The string of successes are, as NASA and SpaceX hoped, making spaceflight seem routine.

At 5:49 a.m. Eastern time, SpaceX’s Crew Dragon capsule lifted off from the Kennedy Space Center in Florida. A smooth countdown proceeded through the early morning, and even ran ahead of schedule at times.

The mission, Crew-2, is carrying two American, one Japanese and one French astronaut to the International Space Station. That will be a continuation of a successful effort by the space agency to turn over to the private sector the business of taking people to low-Earth orbit.

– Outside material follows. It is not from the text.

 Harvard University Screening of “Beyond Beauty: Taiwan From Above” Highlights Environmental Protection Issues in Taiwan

SpaceX conducted a demonstration mission with two NASA astronauts, Bob Behnken and Doug Hurley, a year ago. The two men then splashed down in the Atlantic Ocean in August. They traveled in the same capsule, named Endeavour, that will fly on Friday.

Thom Baur/Reuters

Months later, SpaceX conducted what NASA called the first routine operational missions for the Crew Dragon spacecraft with four astronauts onboard. That mission, Crew-1, launched in November, and the astronauts are still aboard the station.

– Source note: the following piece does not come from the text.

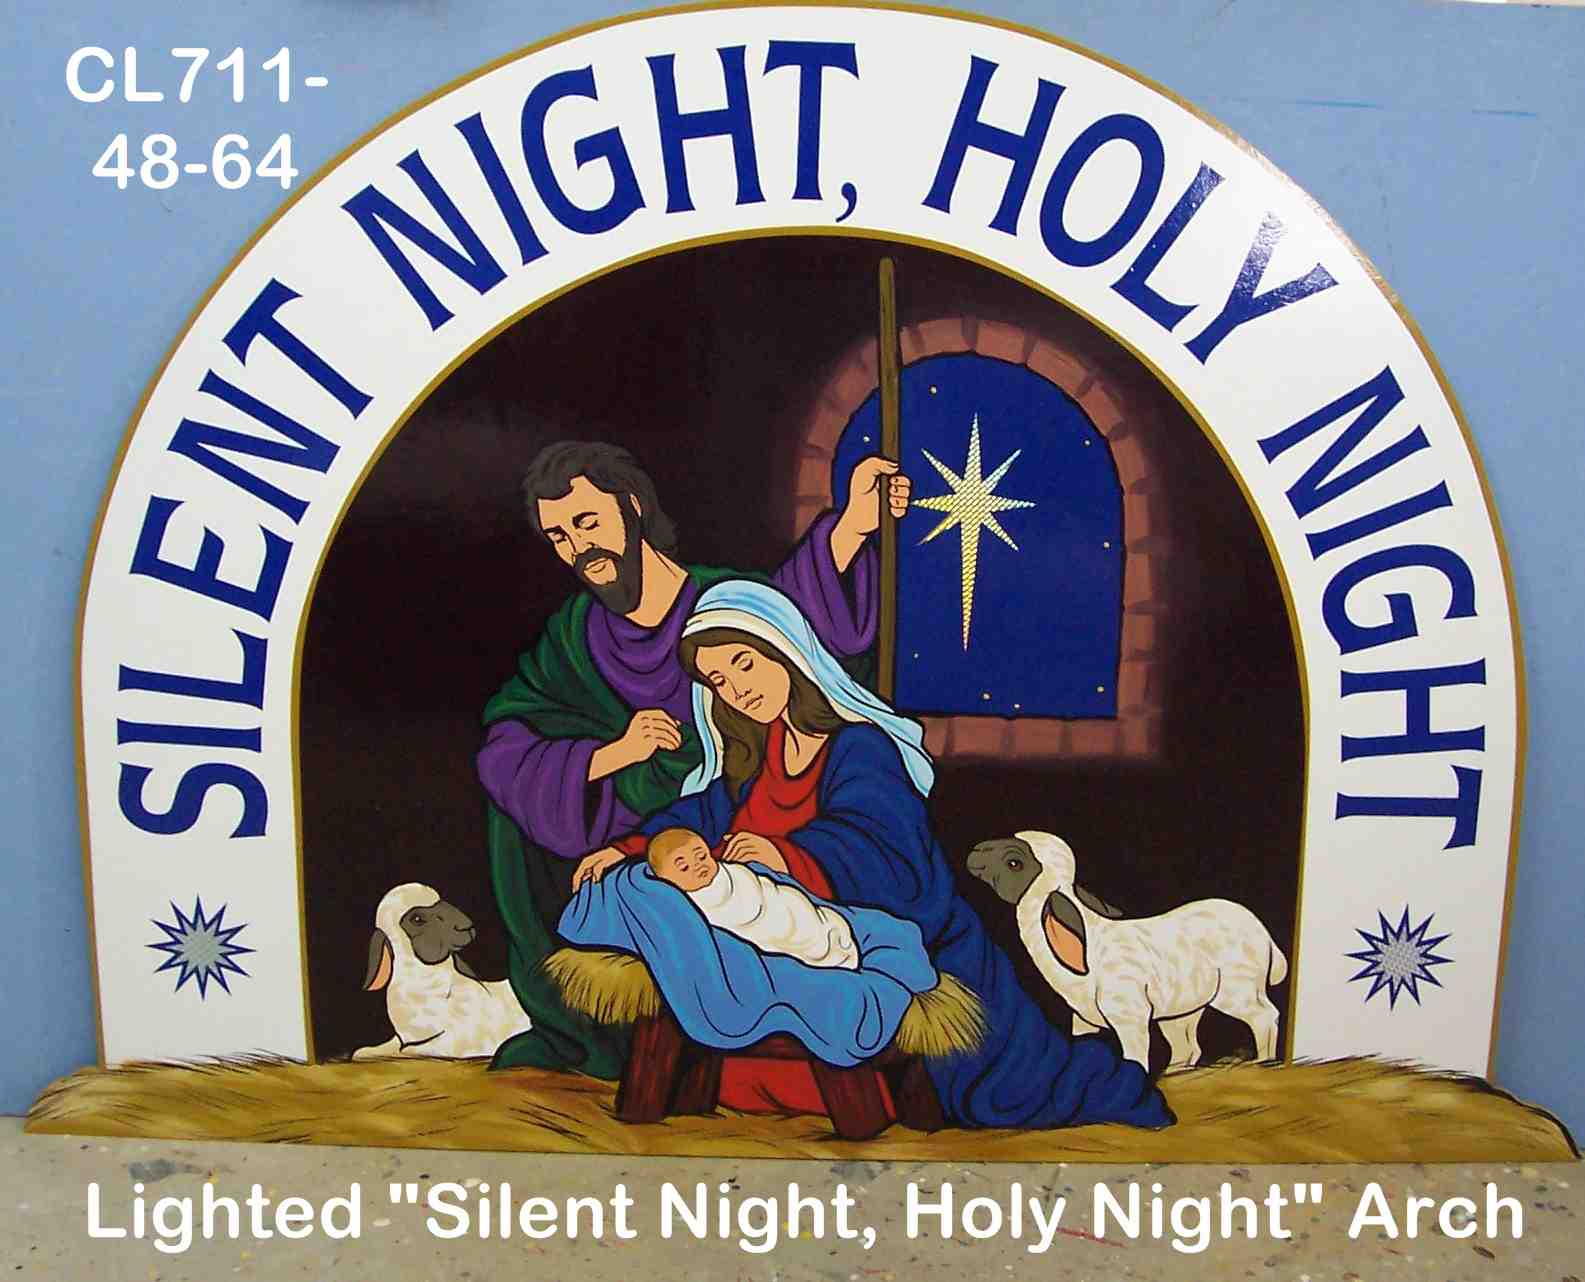 CL711"Silent Night, Holy Night" Arch

Today’s launch was the second operational mission.

The four astronauts visited with Elon Musk of SpaceX, front right, and Steve Jurczyk, NASA’s acting administrator, on Friday after they finished donning their spacesuits.
Agustin Paullier/Agence France-Presse — Getty Images

About four hours ahead of the launch on Friday morning, the four astronauts had put on their spacesuits. Masked SpaceX suit technicians in black uniforms attended to the four crewmates, who sat in models of the seats aboard the capsule that will carry them to orbit.

Once the astronauts completed suiting up, they were seen off by Elon Musk, the founder of SpaceX, and Steve Jurczyk, the acting administrator of NASA.

John Insprucker, a SpaceX engineer said “things were looking good” with the spacecraft and the weather ahead of the launch.

About three hours and 15 minutes before liftoff, the four astronauts and other crew sat down in Tesla Model X SUVs with license plates that read “REDUCE,” “RECYCLE” and “REUSE.” Before the cars drove toward the launchpad, they said socially distanced goodbyes to their families.

The four crewmates arrived at the launch site and were soon on board the Crew Dragon capsule with about two hours and 30 minutes to go before launch. Shane Kimbrough, the mission commander, and Megan McArthur, the pilot, boarded first, and were followed by Thomas Pesquet, Crew-2’s specialist and Akihiko Hoshide, the flight’s engineer.

About 45 minutes ahead of the launch, SpaceX began loading propellent into the rocket. The countdown proceeded smoothly, and a camera captured the International Space Station crossing the night sky over the Kennedy Space Center as it orbited the planet.

In the final minutes of the countdown, Mr. Kimbrough said a few words ahead of launch.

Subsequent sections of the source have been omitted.